Michael A. Wobbema is a Republican serving as a member of the North Dakota Senate from the 24th district. Elected in November 2020, he assumed office on December 1, 2020.

Education 
Wobbema earned a Bachelor of Arts degree in business administration and accounting from the University of North Dakota and a Master of Business Administration from the University of Mary.

Career 
From 1994 to 1998, Wobbema was the CFO of Mail Center Inc., a mail services company. From 1996 to 2001, he served as the branch chief of the National Guard Bureau Counterdrug Directorate.  From 2001 to 2008, he served as a commander in the North Dakota Air National Guard. He served as assistant adjunct general of the North Dakota National Guard and director of the North Dakota Flood Recovery Office. Since retiring from the Air Force as a colonel, he has worked as a church administrator and founded a farm services company. Wobbema was elected to the North Dakota Senate in November 2020 and assumed office on December 1, 2020.

Legislative Agenda

2023 Legislative Session 
During the 2023 legislative session, Wobbema sponsered bills related to higher education,  censorship, transphobia, and sanctuary cities.  

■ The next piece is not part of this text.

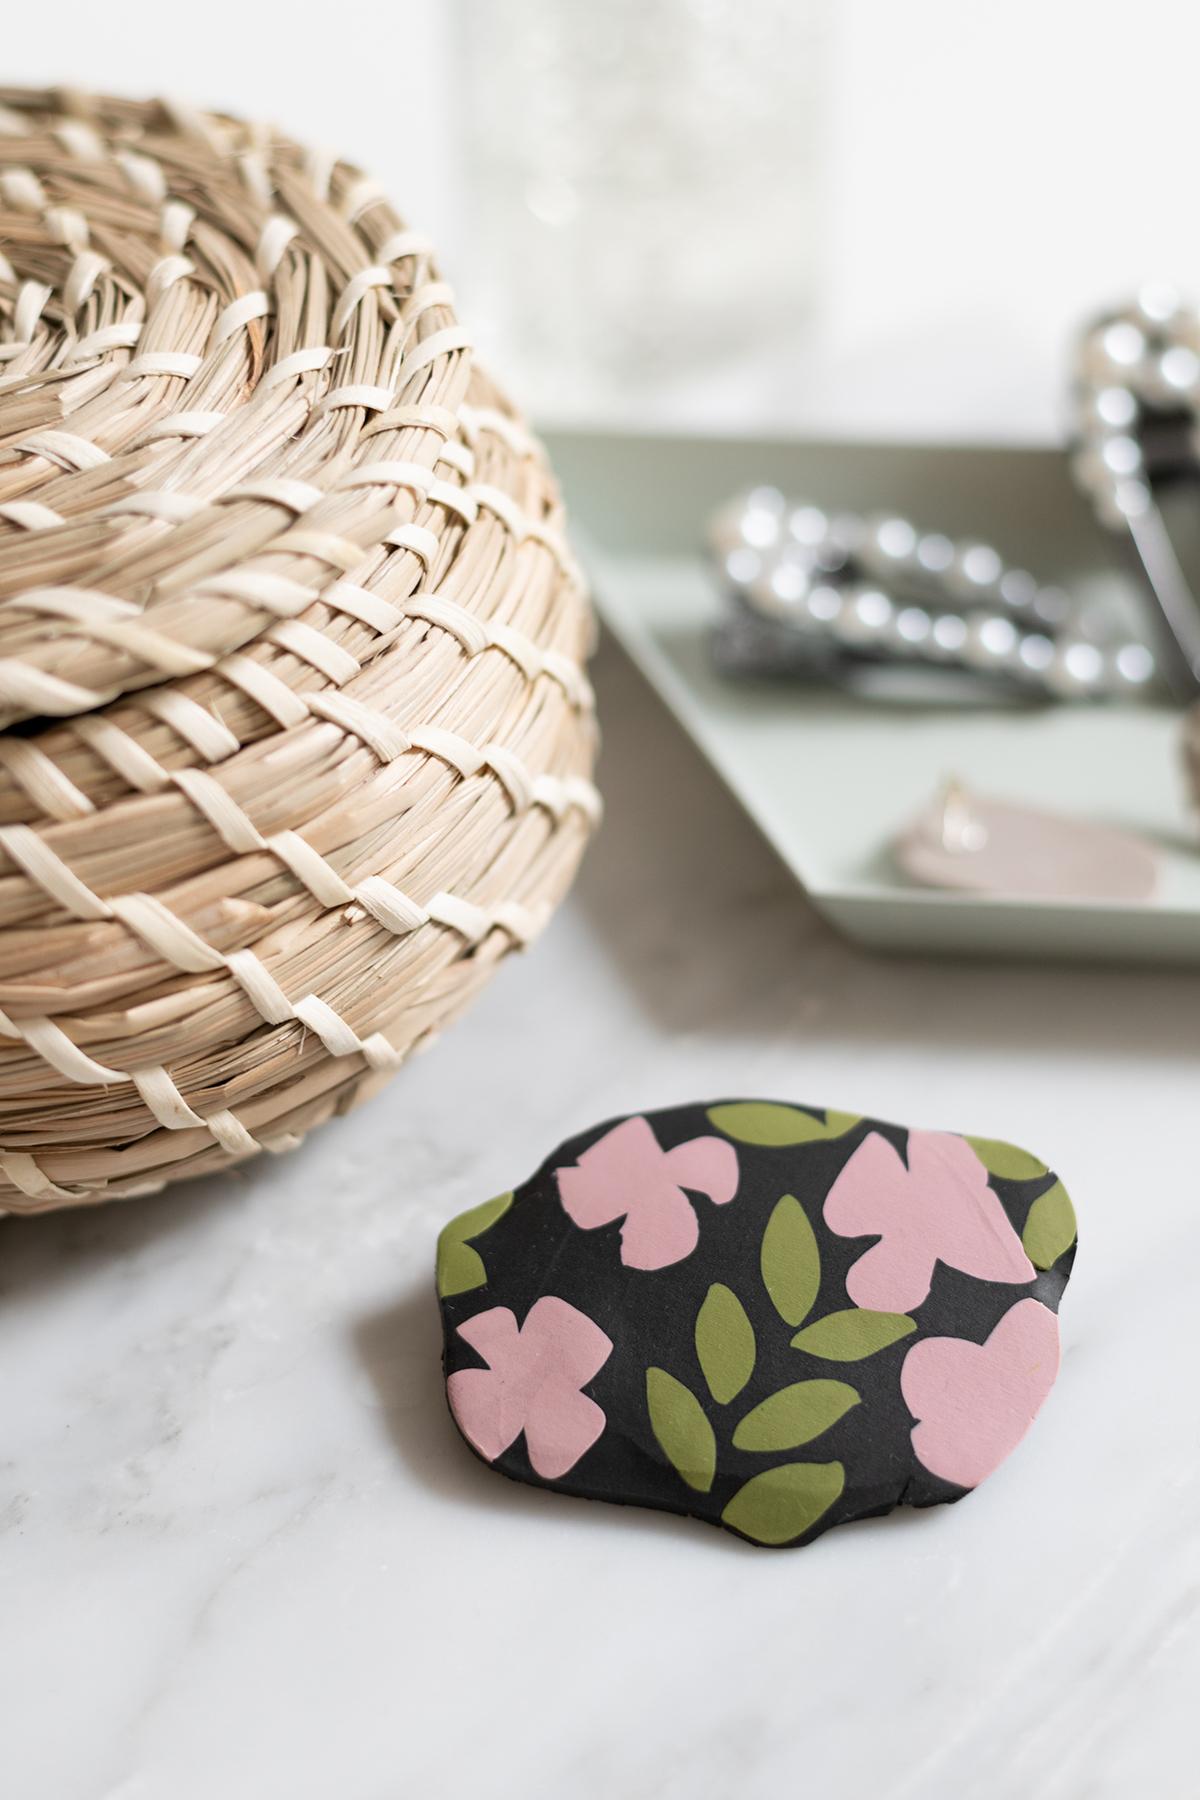 DIY: Brosche aus Fimo mit Blumenmuster | we love handmade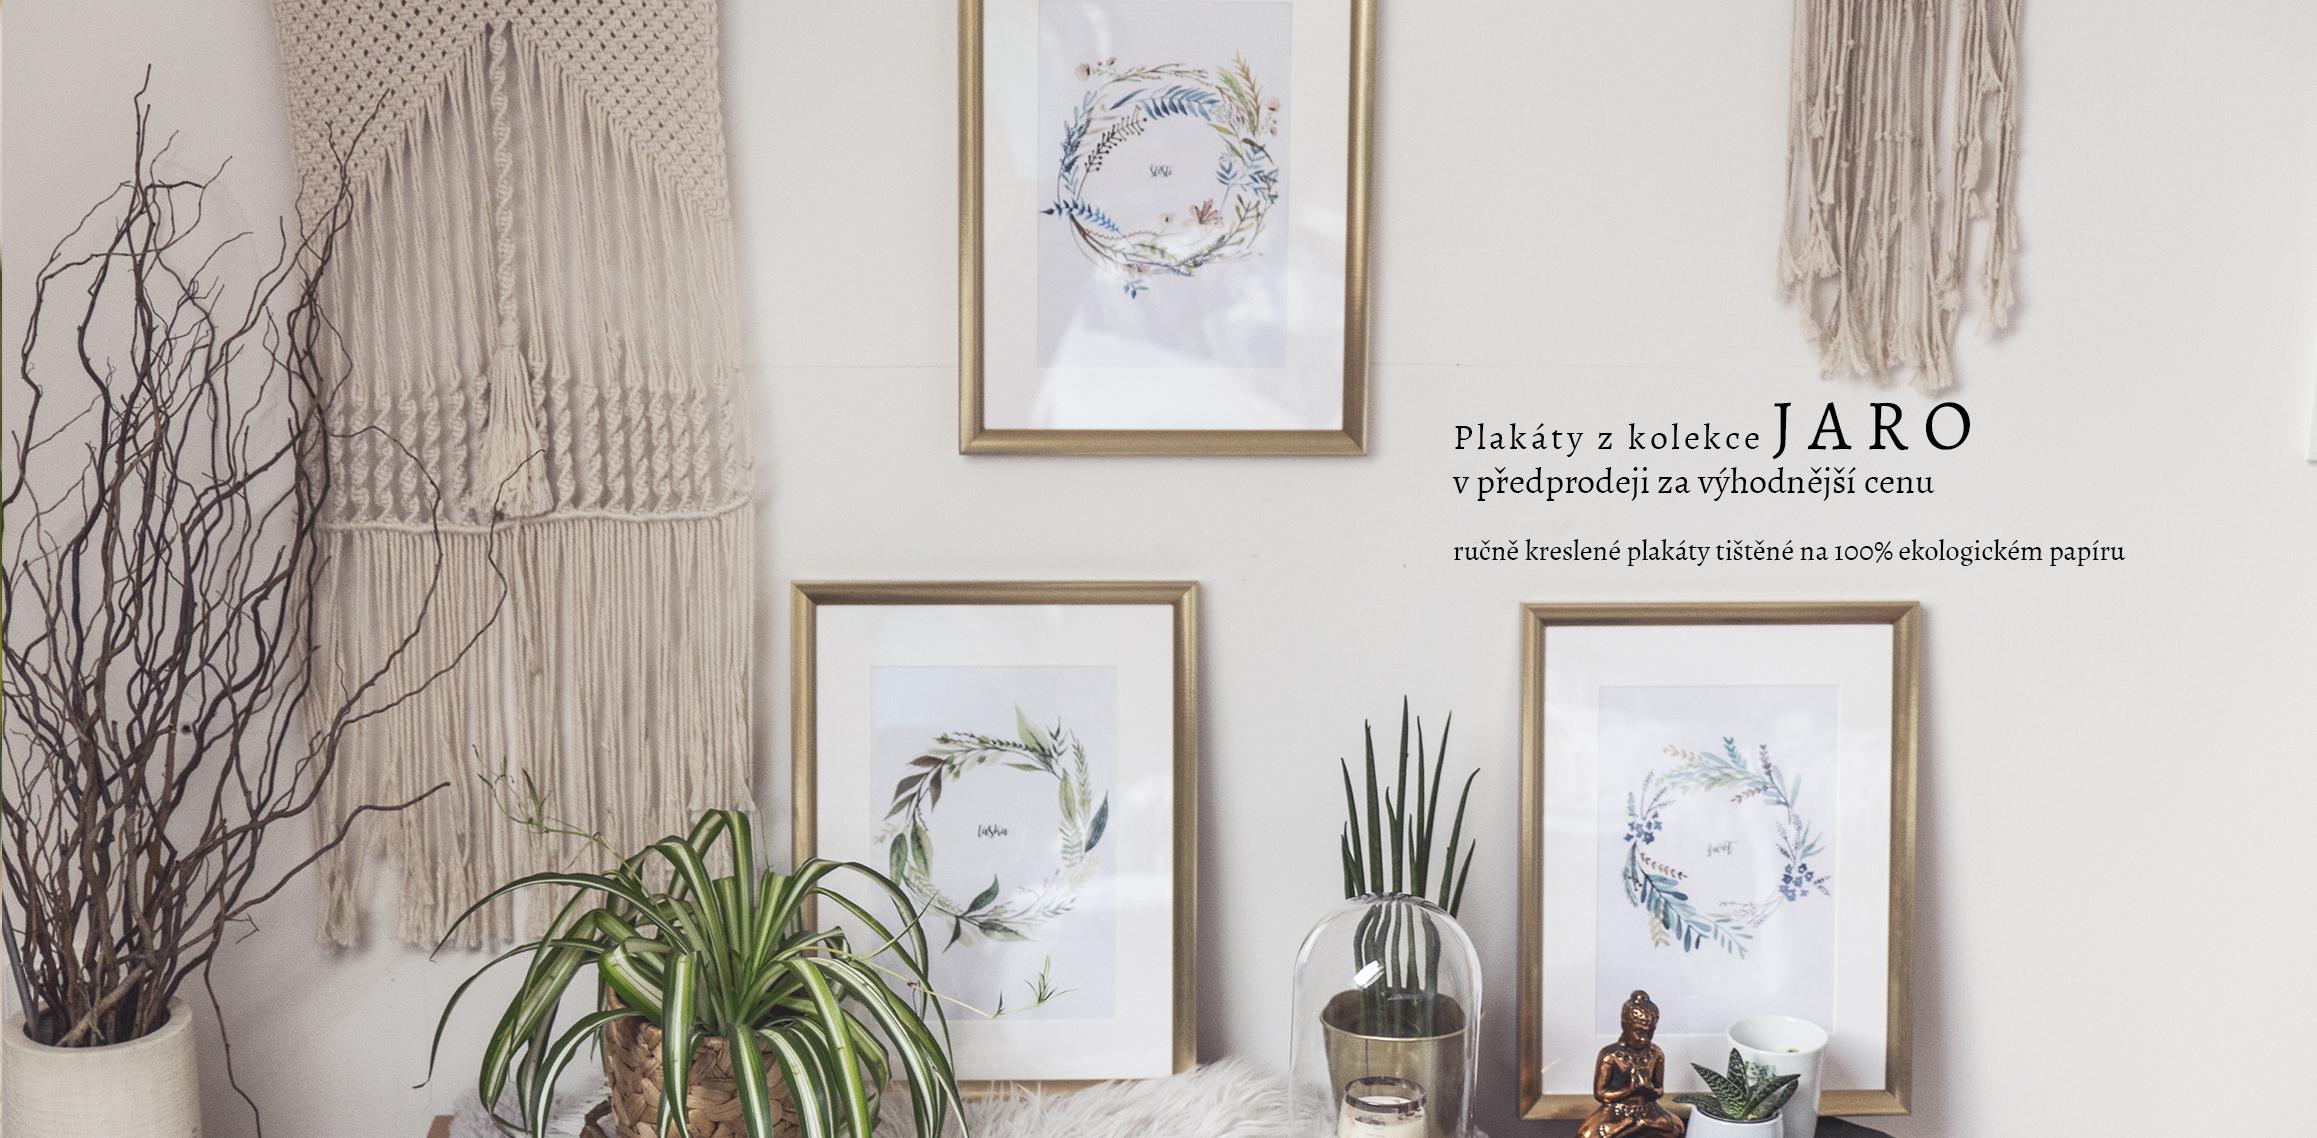 Plakáty kolekce Jaro

Wobbema faced criticism when Reverend Dr. Leanne Simmons was praying over the Senate on February 8 when Senators Michael Wobbema (R-Valley City) and Janne Myrdal (R-Edinburg) turned their backs to her while she was saying “Creator of the universe and all people therein, You who formed humankind in Your image, placing them in this world in all their diversity — differing colors, genders, races, ethnicities and language. We praise You for the splendor of Your creation and the love that motivated Your hand on this Earth,”. Wobbema said they felt like they were being lectured because of the transgender bills that they would be voting on later this session. He added, “According to God’s word, people who are called to preach God’s word are held to a higher level of accountability.”

References 

Living people
University of North Dakota alumni
University of Mary alumni
Republican Party North Dakota state senators
People from Valley City, North Dakota
Year of birth missing (living people)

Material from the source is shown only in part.